As a vote grabber, he was politics' answer to the block-buster -- but in the battle of the books, former Taoiseach Bertie Ahern and his political allies have been left trailing in the wake of the "angry men" investigating the economy and the banks.
Forging ahead in the sales figures in book shops around the country is Sunday Independent Business Editor Shane Ross. Ross's The Bankers: How the Banks Brought Ireland to Its Knees, sold 2,009 copies last week. And reflecting the angry mood of Budget week, Fintan O'Toole's Ship of Fools sold 1,286, with Bertie Ahern coming in next with sales of 1,167.
But Bertie is not the only politician faring poorly -- Brian Cowen: In His Own Words, by Johnny Fallon and published in May, has sold just 141 copies; Brian Cowen: The Path to Power, published in 2008, has sold just 331 copies this year.
Former Taoiseach Albert Reynolds's My Autobiography sold just just 106 books last week, bringing his total sales to 2,806.
This year's book-buyers are clearly obsessed with the economy and the banking crisis.
Countrywide data from Nielsen's BookScan for the year to date up until Thursday last showed that Shane Ross's The Bankers has already moved into 12th place overall in the non-fiction category for 2009 with sales of 10,312. It is not to be mistaken for The Banksters, David Murphy and Martina Devlin's book published last May, which similarly covers our new-found fascination with financiers. It has total sales of 9,895. Bertie Ahern's autobiography hangs precariously inside the top 20 non-fiction list at number 19, with total sales of a 9,351.
The top seller in Irish bookshops in the non-fiction category is Barack Obama's, Dreams from My Father, with 27,135 sales in the Republic of Ireland.
"Bertie's book is certainly taking a bath despite heavy discounting," according to John McNamee of Eason's Portlaoise and president of the European Booksellers' Federation. In some instances, Mr Ahern's book, which has a reputed print run of a 50,000, is being discounted down from €26.30 by up to 50 per cent.
But it's far from doom and gloom for all publishers and book shops. Amid the recession the Irish public have retained their voracious appetite for reading. The surprise package of the year is Mr Tayto: The Man Inside the Jacket.
The dinky little hardback is a snip at €5.99, a masterpiece in guerrilla marketing and tops this week's all-titles bestseller list with sales of 3,199. Mr Tayto is in 10th place overall for non-fiction with a total of 10,793 sales.
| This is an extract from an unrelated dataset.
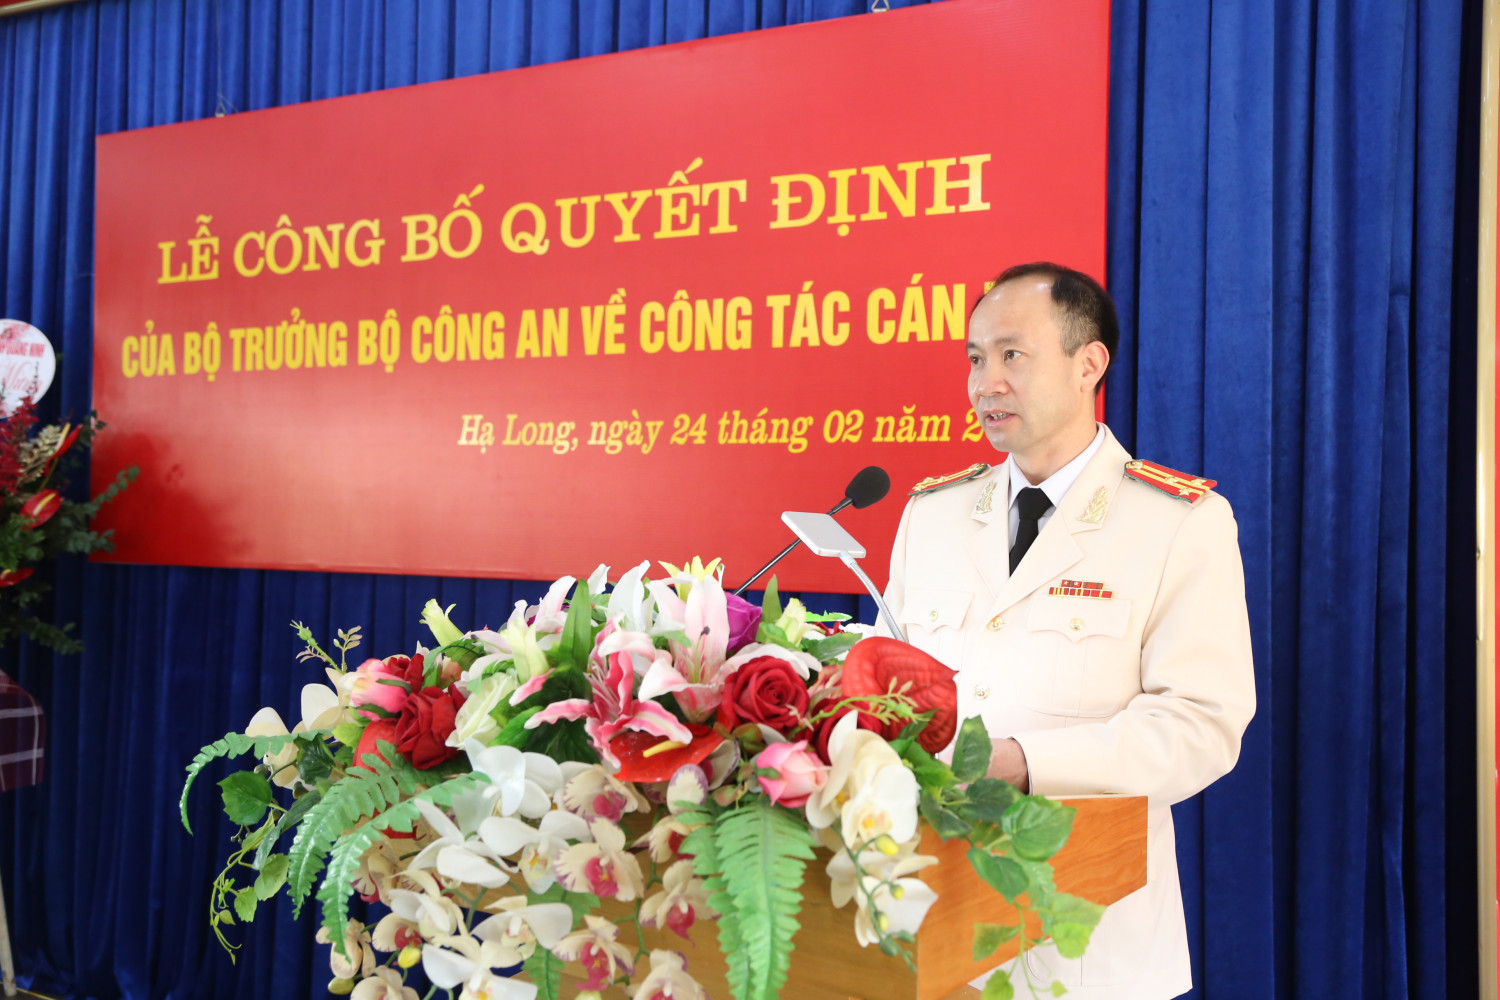 Thạc sĩ luật học 46 tuổi giữ chức Phó Giám đốc Công an tỉnh Quảng Ninh - Ảnh 2.

Cookbooks remain as popular as ever, and among the other big sellers in non-fiction is Rachel Allen, who has two books in the top 20, Home Cooking (15,514) and Bake (10,182). The best-selling sports book so far this year is Cody: The Autobiography with total sales of 9,537. Grand Slam by Alan English is also going well, with sales this week of 1,123; Donal Og Cusack's Come What May sold 1,001; and Micheal O Muircheartaigh's GAA Odyssey moved 668 units.
In fiction this year, Sebastian Barry is way out in front, with The Secret Scripture selling 71,487 copies. Colm Toibin's Brooklyn has sales of 35,665; and Patricia Scanlon's Happy Ever After has sold 29,260. This Charming Man by Marian Keyes sold well again this year, with 26,003, after she topped the bestseller list last year with the same title on 49,295 copies for Penguin. Her latest, The Brightest Star in the Sky, has sold 20,901 so far this year.
It has not been such a good year for Cecelia Ahern. She had three books on the bestseller list in 2008 -- Thanks for the Memories, The Gift, and PS, I Love You -- with total sales of 86,097, in stark contrast to one entry now at number 20 for The Book of Tomorrow, with sales of 13,330. The Ross O'Carroll-Kelly brand remains strong with two titles in this year's top 20 -- We Need to Talk about Ross and Rhino, What You Did Last Summer -- totalling sales of 39,465.
Overall, however, the Irish retail book sector remains remarkably buoyant despite the recession, with the latest Nielsen data valuing the fiction market here at just over €37m for 2009 with sales of 3,882,427 to date for 46,929 titles. The non-fiction figures are running at 4,630,297 book sales worth just €65m for 199,377 titles.
This compares with the 2008 total market value of €111.3m.